Novo Nordisk revoit ses ambitions à la baisse face à une concurrence accrue
Le géant pharmaceutique danois Novo Nordisk a annoncé mercredi une révision à la baisse de ses perspectives de croissance pour ses traitements phares contre le diabète et l’obésité. Cette décision intervient dans un contexte de concurrence grandissante et de pressions sur les prix sur le marché en pleine expansion de la perte de poids.
Le bénéfice net du trimestre s’est élevé à 20 milliards de couronnes danoises (environ 2,6 milliards d’euros), un chiffre conforme aux attentes des analystes. Cependant, les segments du diabète et de l’obésité, qui ont été des moteurs de croissance majeurs grâce aux succès de Wegovy et Ozempic, font désormais face à un resserrement des prévisions de la société, invoquant des tendances de prescription, une concurrence accrue et une pression sur les prix.
Un ralentissement des ventes et une confiance ébranlée
Les actions de Novo Nordisk ont connu une volatilité importante en bourse mercredi, oscillant entre une chute initiale et une légère hausse, mais affichant un recul notable de près de 45 % depuis le début de l’année. Pour la quatrième fois cette année, l’entreprise a revu à la baisse ses prévisions pour l’ensemble de l’exercice. Elle anticipe désormais une croissance des ventes comprise entre 8 % et 11 % à taux de change constants, contre une fourchette précédente de 8 % à 14 %. La croissance du bénéfice d’exploitation est également révisée à la baisse, passant de 4 % à 10 % à une fourchette de 4 % à 7 %.
Les ventes de Wegovy, son médicament vedette pour la perte de poids, ont progressé de 18 % sur un an pour atteindre 20,35 milliards de couronnes danoises au cours du trimestre clos en septembre, un résultat légèrement inférieur aux attentes des analystes. Malgré une croissance robuste des ventes sur les neuf premiers mois de l’année, le bénéfice d’exploitation a été impacté par des coûts de restructuration importants.
« Bien que nous ayons enregistré une croissance robuste de nos ventes au cours des neuf premiers mois de 2025, les attentes de croissance plus faibles pour nos traitements GLP-1 ont conduit à un resserrement de nos prévisions », a déclaré dans un communiqué le PDG Mike Doustdar. Il a souligné que les médicaments anti-obésité de Novo Nordisk servent déjà un million de patients aux États-Unis, représentant un tiers du marché.

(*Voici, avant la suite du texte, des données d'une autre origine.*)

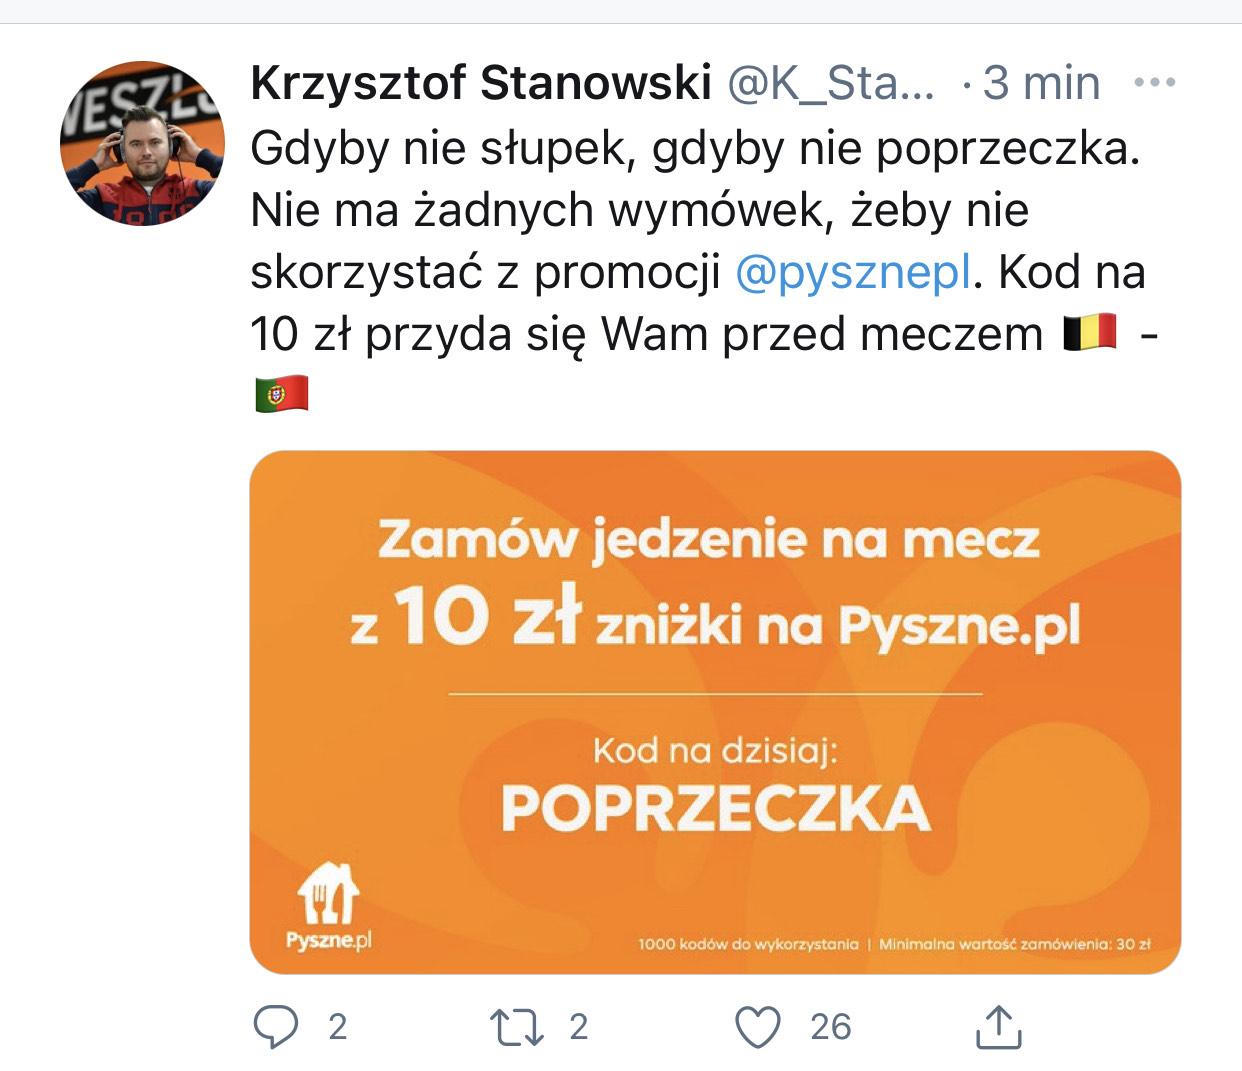 Pyszne.pl kod na 10 zł - mwz 30 zł

L’acquisition de Metsera dans un contexte de batailles juridiques
Parallèlement à ces ajustements de prévisions, Novo Nordisk est engagé dans une bataille pour l’acquisition de la société américaine de biotechnologie Metsera, spécialisée dans l’obésité. Après avoir initialement proposé de racheter Metsera, Novo Nordisk a dû faire face à une offre rivale de Pfizer, qu’il a ensuite surenchérie. L’offre révisée de Novo Nordisk s’élève désormais à environ 10 milliards de dollars (environ 9,3 milliards d’euros).
Pfizer a déposé une plainte, arguant que l’offre de Novo Nordisk était anticoncurrentielle. La société danoise a fermement rejeté ces allégations, qualifiant les accusations de « fausses et sans fondement ». Metsera a de son côté jugé l’offre révisée de Novo Nordisk « supérieure » à celle de Pfizer.
« Nous avons une grande confiance dans notre propre pipeline, nous disposons de certains des meilleurs pipelines de ce secteur. Mais, lorsque votre ambition est grande, lorsque vous pensez à des centaines de millions de patients qui ne sont toujours pas satisfaits, qui ont des besoins non satisfaits et non traités, alors aucun pipeline n’est suffisant », a affirmé le PDG Mike Doustdar, réitérant sa détermination à poursuivre l’acquisition de Metsera pour élargir son offre.
Perspectives mitigées des analystes
Les analystes restent partagés quant à l’avenir de Novo Nordisk. Certains, comme ceux d’UBS, s’attendent à ce que les difficultés actuelles impactent les performances de l’entreprise au quatrième trimestre et en 2026, mais maintiennent une recommandation neutre tout en relevant leur objectif de cours.
D’autres, comme Jefferies, ont abaissé leur note à « sous-performer », tandis que Berenberg se montre optimiste, estimant que Novo Nordisk a atteint un « pic d’incertitude ». La banque souligne que le profil de croissance et les rendements de recherche et développement de Novo Nordisk justifient une prime de valorisation par rapport à ses concurrents.